The different multiplayer options and the Hardcore and Advanced lists keep the game interesting even when you raise your levels and unlock all your weapons. While Team Deathmatch and its variants are some of the most popular, objective-based game modes can also hold your interest. Activision also offers Call of Duty Elite, a premium online service that community features, statistics tracking, and guides to the Modern Warfare 3 experience. It's free, but gamers can pay an additional $50 per year for access to monthly DLC, clan advantages, and other things that enhance the game. However, since the premium access costs almost as much as the game itself, we're not including those features as part of the game.
The multiplayer options offer a benefit over Battlefield 3, which only has six cooperative missions compared to over a dozen in Modern Warfare 3. Competitive play is pretty evenly matched, with leveling in Modern Warfare 3 universal and steadily unlocking weapons and skills and leveling in Battlefield 3 and rewarding your class as you play it. The big difference between the two games is that Battlefield 3 has vehicles, which can change the nature of a game dramatically. To go to extremes, Modern Warfare 3 is more suitable for Counter-Strike fans, while Battlefield 3 is more suitable for Halo fans, but the distinction between the two modern combat games are far smaller than the rift between the two classic shooters.
Modern Warfare 3 is a solid follow-up to Modern Warfare 2 and Black Ops, and if you loved those games you'll love this one.

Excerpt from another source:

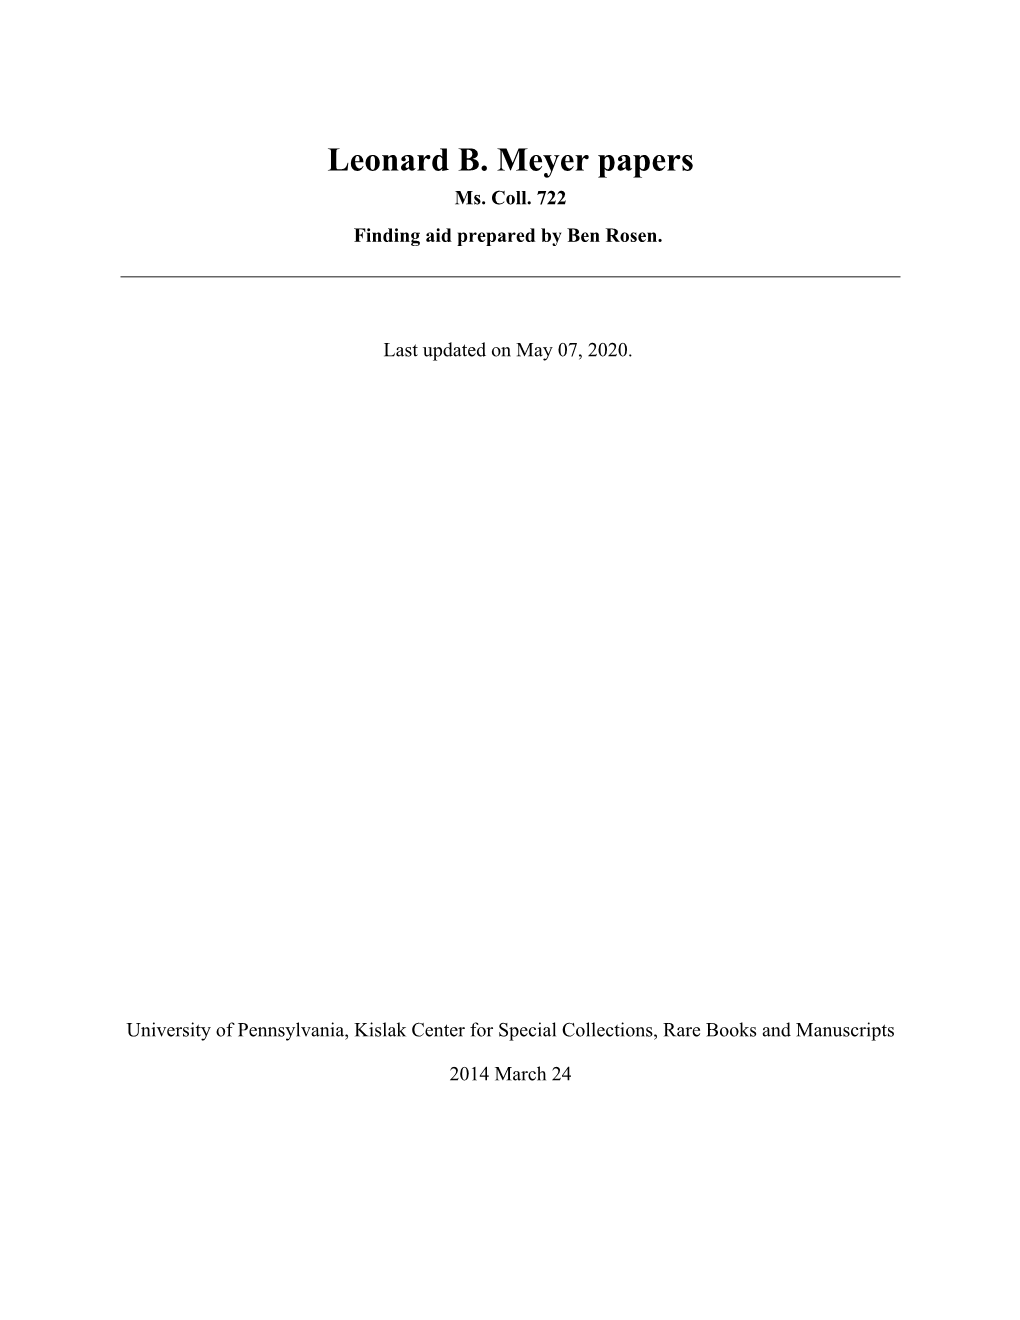 Leonard B. Meyer Papers Ms
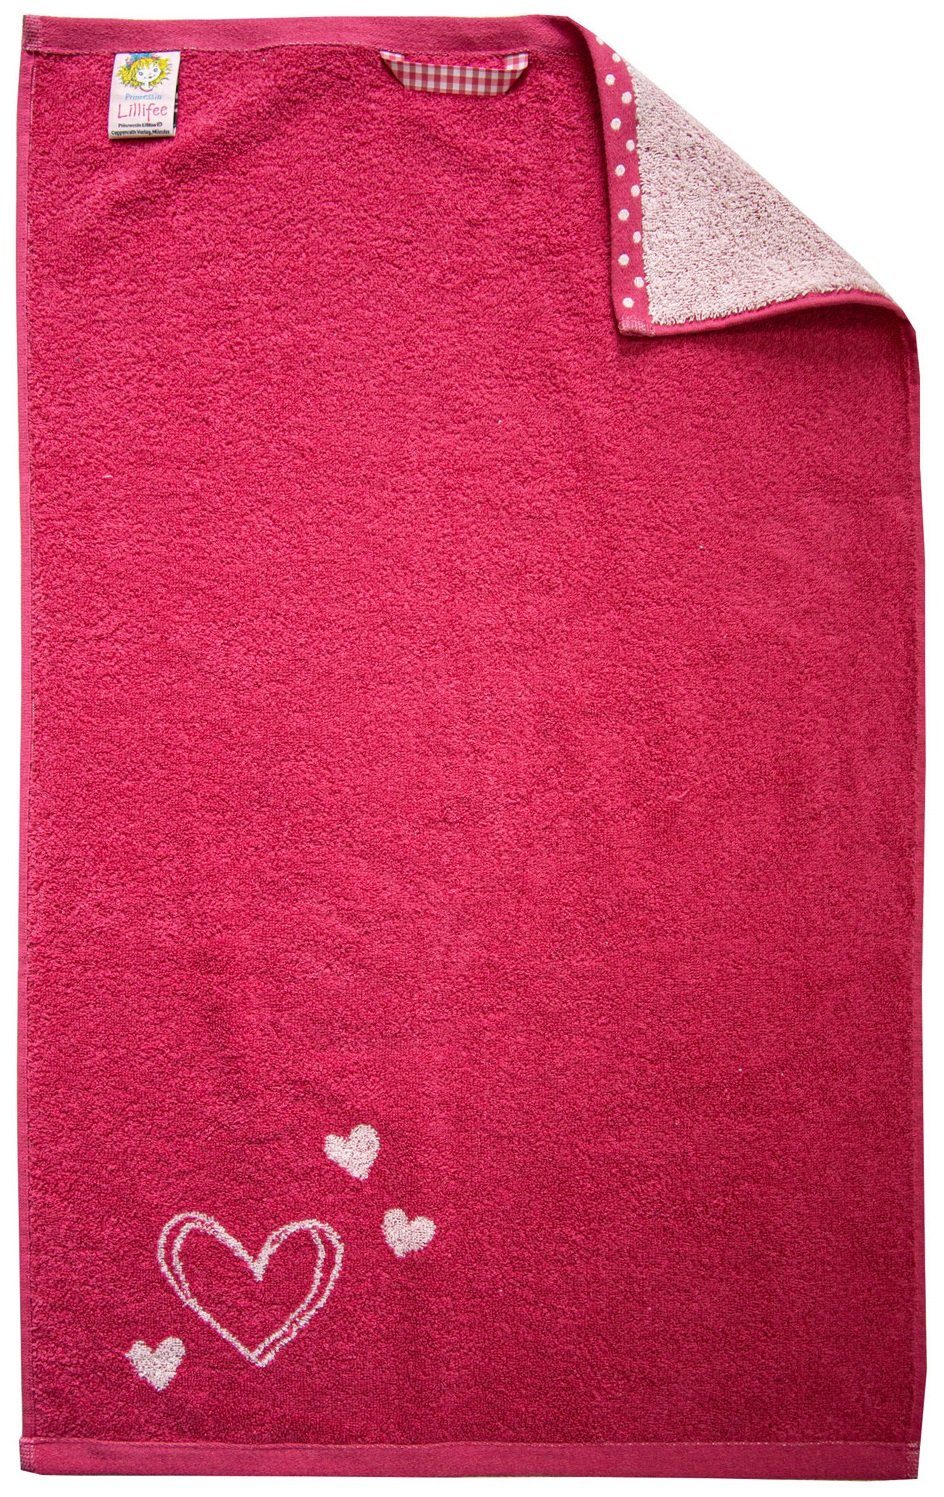 Handtuch Dyckhoff Pink Handtuch 'Lillifee' 70 Dyckhoff Kinderfrottierserie x 50 cm

It doesn't change anything big, and the single-player campaign wraps up a story with most of the exposition lodged in previous games, but it offers a great multiplayer experience and a solid, if predictable and occasionally frustrating, single-player experience. It's an incremental sequel, but it's just what fans of the series need: even more of the same, with slight improvements and tweaks. If you have to choose between Modern Warfare 3 and Battlefield 3, ask yourself whether you prefer vehicles or more cooperative mission content. Those are the biggest distinctions, and they're not enough to make either game clearly better than the other.